Figure 5. Addition of BCG to human newborn cord blood in vitro induced changes in plasma sugar, amino acid, and lipid pathways.

Figure 5.

(A) Human newborn cord blood was stimulated in vitro with vehicle control (saline) or BCG for 18 h. The extracellular fluid (90% plasma v/v) was collected by centrifugation for metabolomics analysis as described in STAR Methods. The principal-component analysis demonstrated a marked separation of metabolites between BCG-stimulated and vehicle-stimulated newborn samples, as indicated by the ellipses.

(B) Unsupervised hierarchical clustering revealed major differences between treatments. BCG stimulation of blood was associated with a reduction in many metabolites, especially in the lipid pathway. Each column represents individual samples; BCG-stim denotes BCG-stimulated blood; control denotes vehicle control.
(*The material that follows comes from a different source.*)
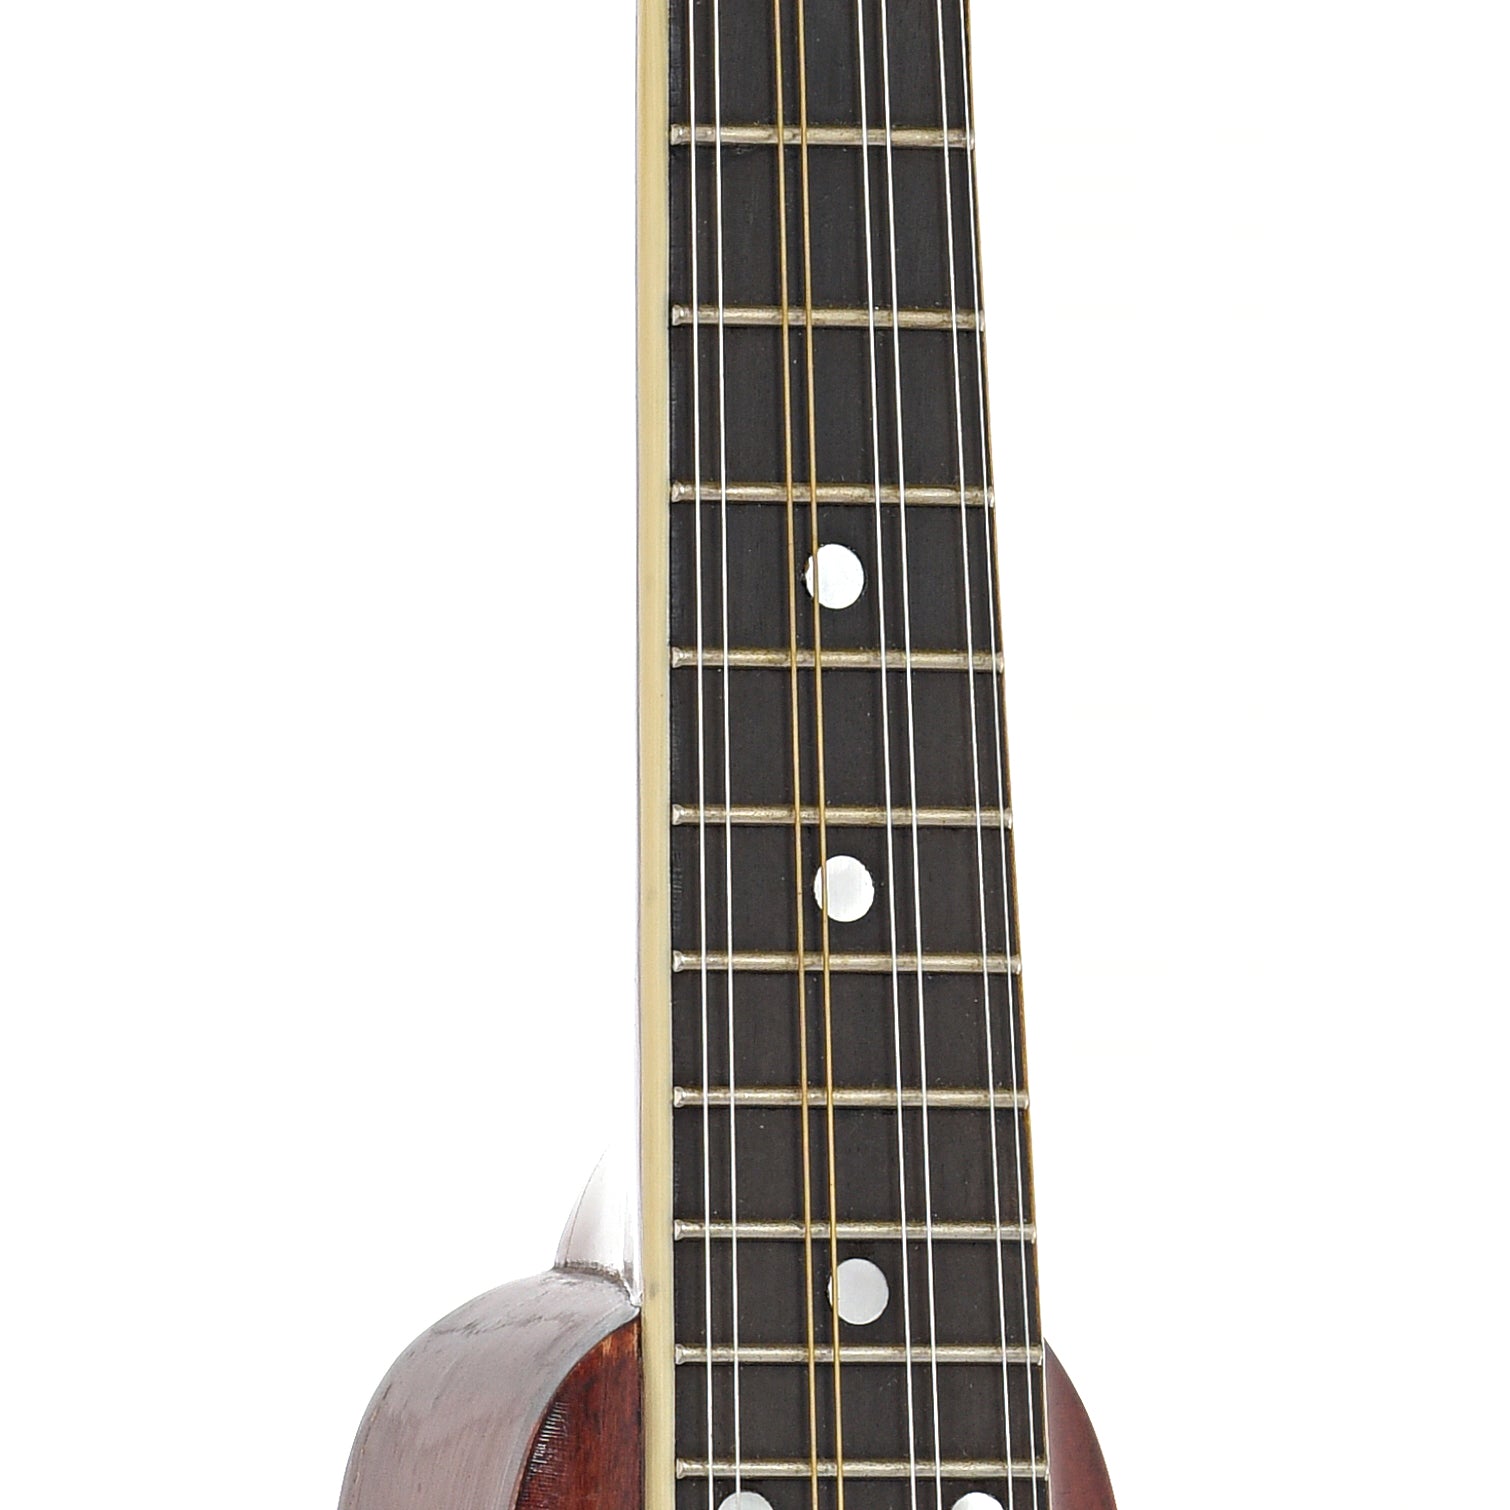 Fretboard of Gibson A-1 Mandolin
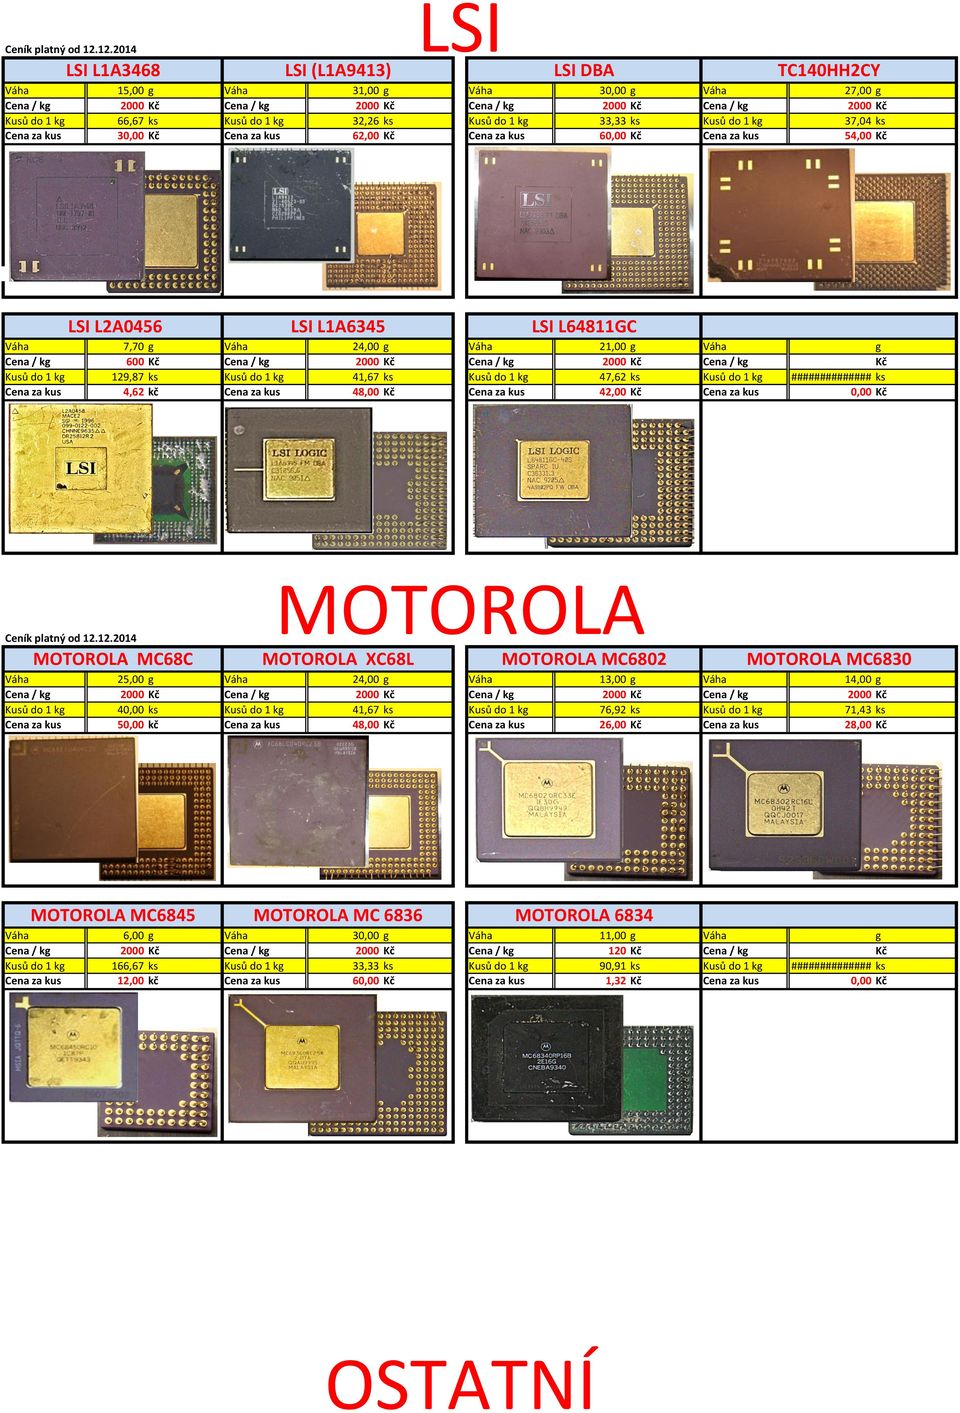 MOTOROLA MOTOROLA XC68L MOTOROLA MC6802 MOTOROLA MC6830 25,00 13,00 14,00 0 0 0 0 40,00 76,92 71,43 50,00 48,00 26,00 28,00

(C) Top 50 enrichment overview based on metabolite set enrichment analysis (MSEA; MetaboAnalyst) highlighted pathways that were prominently altered after BCG stimulation, including those relating to the glucose-alanine cycle, lactose, and sphingolipid metabolism. Fold enrichment was calculated by dividing the observed number of hits by the expected number of hits of the overrepresented pathway. MSEA calculates a hypergeometric test score employing a cumulative binomial distribution based on the probability of seeing at least a particular number of metabolites with the biological term of interest in a given compound list.

(D) The volcano plot illustrated BCG-induced changes in metabolites as compared with vehicle control. Red color represents significant (p < 0.05), pink marginally significant (p < 0.1–p > 0.05), and gray non-significant lipids.